A high level of adaptability to meet the challenge of new malware.
Our approach starts with a model that resembles the behaviour of our security analysts.
To make a prediction about a sample we need to extract features from it, just as security analysts collect features from the sample executables. Analysts have prior knowledge of malware features. They know which features characterize malicious behaviour and which indicate non-malicious files. They decide whether a sample is malicious or not based on their prior knowledge of its features. But some of the features will be new to the analysts, in which case they upgrade their prior knowledge by adding details of the new features. Our system works in exactly the same way. Figure1 shows the model on which our automatic file classification system is based. As an automated heuristic approach alone cannot be relied on to give 100% accurate detection, a manual check is incorporated before committing any new features to a knowledge base.

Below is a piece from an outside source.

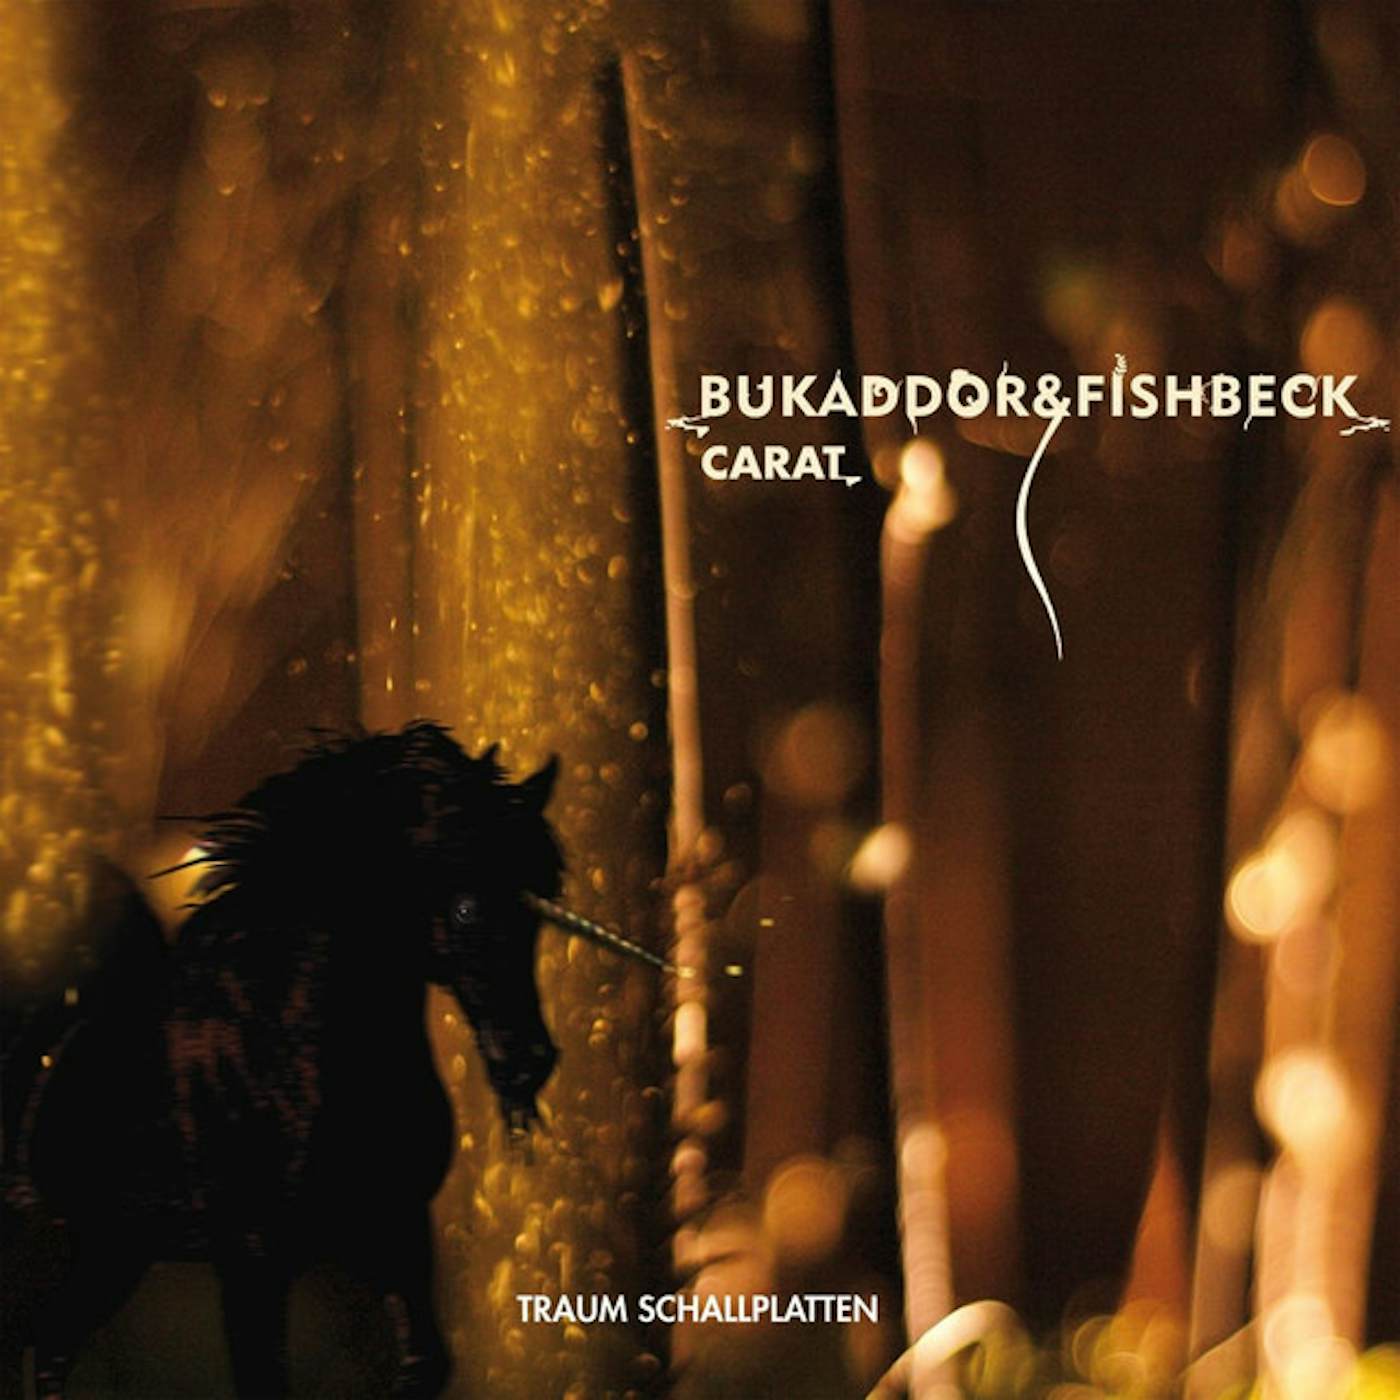 Bukaddor & Fishbeck Carat Vinyl Record

Features can be extracted from the static and run-time behaviours of malware samples. We are able to extract hundreds of features from each executable; some of the most notable ones are described here:
File size has been shown to be an important feature both in our investigations and in other studies [1]. In our initial experiments we divided executables into three groups based on their file size:
Group 1: executables whose file size was smaller than 1 MB.
Group 2: executables whose file size was smaller than 5 MB and greater than or equal to 1 MB.
Group 3: executables whose file size was greater than or equal to 5 MB.
After normalizing the counts in each group, we arrived at the results shown in Table 1.
According to Table 1, samples contained in groups 1 and 2 have an approximately equal chance of being malicious or non-malicious, thus the file size does not reveal any useful information for malware detection. However, executables belonging to group 3 (file size > 5 MB) are significantly more likely to be non-malicious than malicious.
In our investigations we divided the executables into two groups: obfuscated and non-obfuscated. Obfuscation can be achieved by packing the full sample or a portion of the sample binary, by reordering instructions, and so on. We found that approximately 60% of recent malware is obfuscated. We determined that if an executable is obfuscated, there is a greater than 95% probability that it is malware.
An executable consists of sections, such as header, text, code and so on. There are generally fewer sections in malicious files than in non-malicious ones. In our analysis, more than 70% of the malware samples consisted of two or three sections, while more than 70% of non-malicious files consisted of four or five sections. In further analysis focusing on section names, we found that over 80% of malicious programs used unconventional section names, whereas only 3% of non-malicious programs used unconventional names. We also found that some executables used duplicate section names, although this was very rare (only 4%). If there is a duplicate section name, then there is a more than 95% probability that the executable is malware.
We found that use of the resource section (.rsrc) was a good indicator of a sample being malicious (with more than 70% probability), the presence of read-only data (.rdata) meant that the sample had a greater than 70% chance of being non-malicious, and the presence of import data (.idata) was also a good indicator of the sample being non-malicious (with more than 80% probability).
Another notable feature relates to peculiarities in the executable structure – for example, some sections in the executable may not be aligned properly. In our analysis, more than 78% of malware revealed an anomaly in the executable structure, while only 5% of non-malicious samples had an anomaly in their structure. If an anomaly exists, there is a more than 93% chance that the sample is malicious.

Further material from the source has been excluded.